Boids is an artificial life program, developed by Craig Reynolds in 1986, which simulates the flocking behaviour of birds and coordinated behaviour fish schools. His paper on this topic was published in 1987 in the proceedings of the ACM SIGGRAPH conference. The name refers to a "bird-like object", or "bird-oid", which could also refer to any animal exhibiting coordinated travel in groups.
Introduction edit
Reynolds proposed the Boids algorithm in his SIGGRAPH paper entitled "Flocks, Herds, and Schools: A Distributed Behavioral Model".[1] The method was created to simulate a distributed behavioural model, like the instinctual tendencies of a natural flock, based on the movements of individual actors. A flock, which Reynolds defines as "a group of objects that exhibit [a] general class of polarized, non colliding, aggregate motion", consists of "boids" that adhere to various rules in order to simulate perception; as a result the flock is simply formed by the interaction between the behaviors of discrete boids.
During the late 1980s the traditional technique used to animate flocks consisted of manually scripting the movement of the entire aggregate flock. Animators also did not utilize the computer's capabilities to implement any type of automated motion, but instead used it to directly describe the motion and physical properties of their models. Unlike these traditional methods of scripted animation, the boids method uses behavioral animation, which models the behaviour of the individual character; different behaviours could range from path planning to emotional interactions between characters.[1] Using this animation model the boids method could more effectively present the visually complex phenomena of flocking, since the simulated characters animate themselves.

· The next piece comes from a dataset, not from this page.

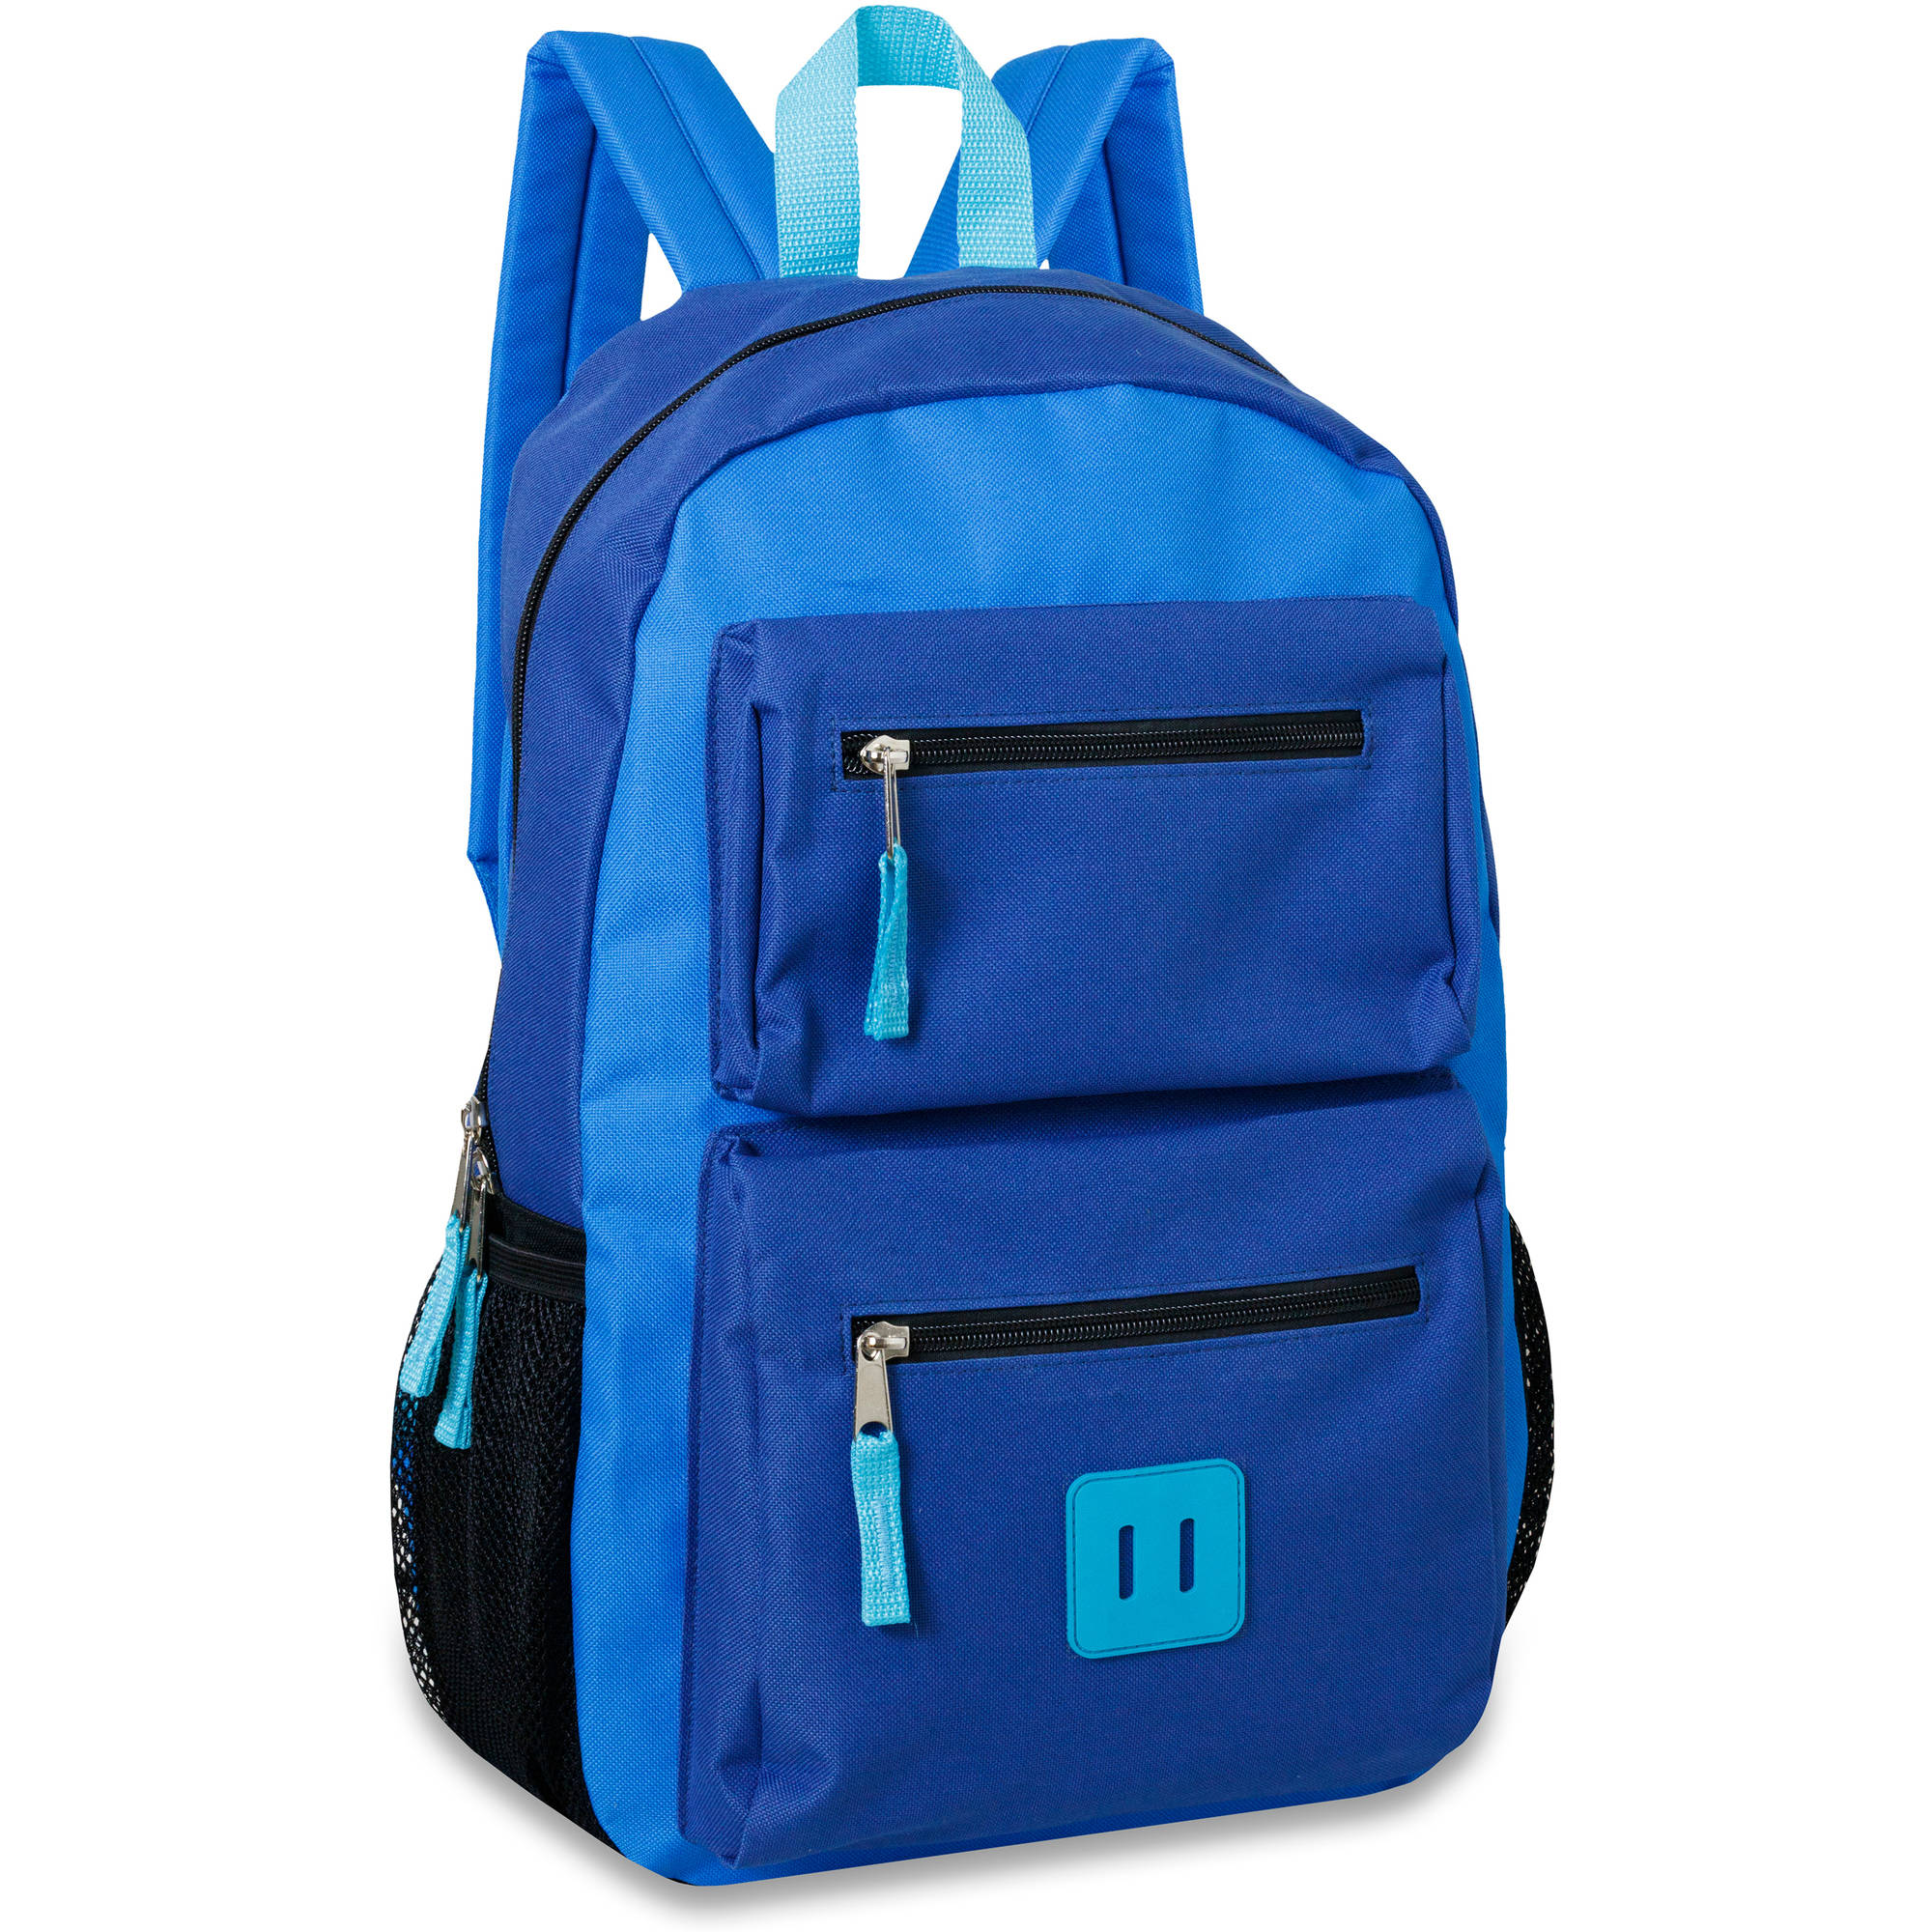 18 Inch Double Pocket Backpack - image 1 of 3

The movement of Boids can be characterized as either chaotic (splitting groups and wild behaviour) or orderly. Unexpected behaviours, such as splitting flocks and reuniting after avoiding obstacles, can be considered emergent.
Boids Algorithm edit
As with most artificial life simulations, Boids is an example of emergent behavior; that is, the complexity of Boids arises from the interaction of individual agents (the boids, in this case) adhering to a set of simple rules. The rules applied in the simplest Boids world are as follows:
- Collision Avoidance: Each boid will steer itself accordingly in order to avoid collisions with nearby flockmates.
- Velocity Matching: Each boid will attempt to match the speed and direction, or heading, of nearby flockmates.
- Flock Centering: Each boid will attempt to stay within the vicinity of nearby flockmates.
Here each procedure is listed in order of decreasing precedence. The code below shows the main loop of the boids program written in pseudocode.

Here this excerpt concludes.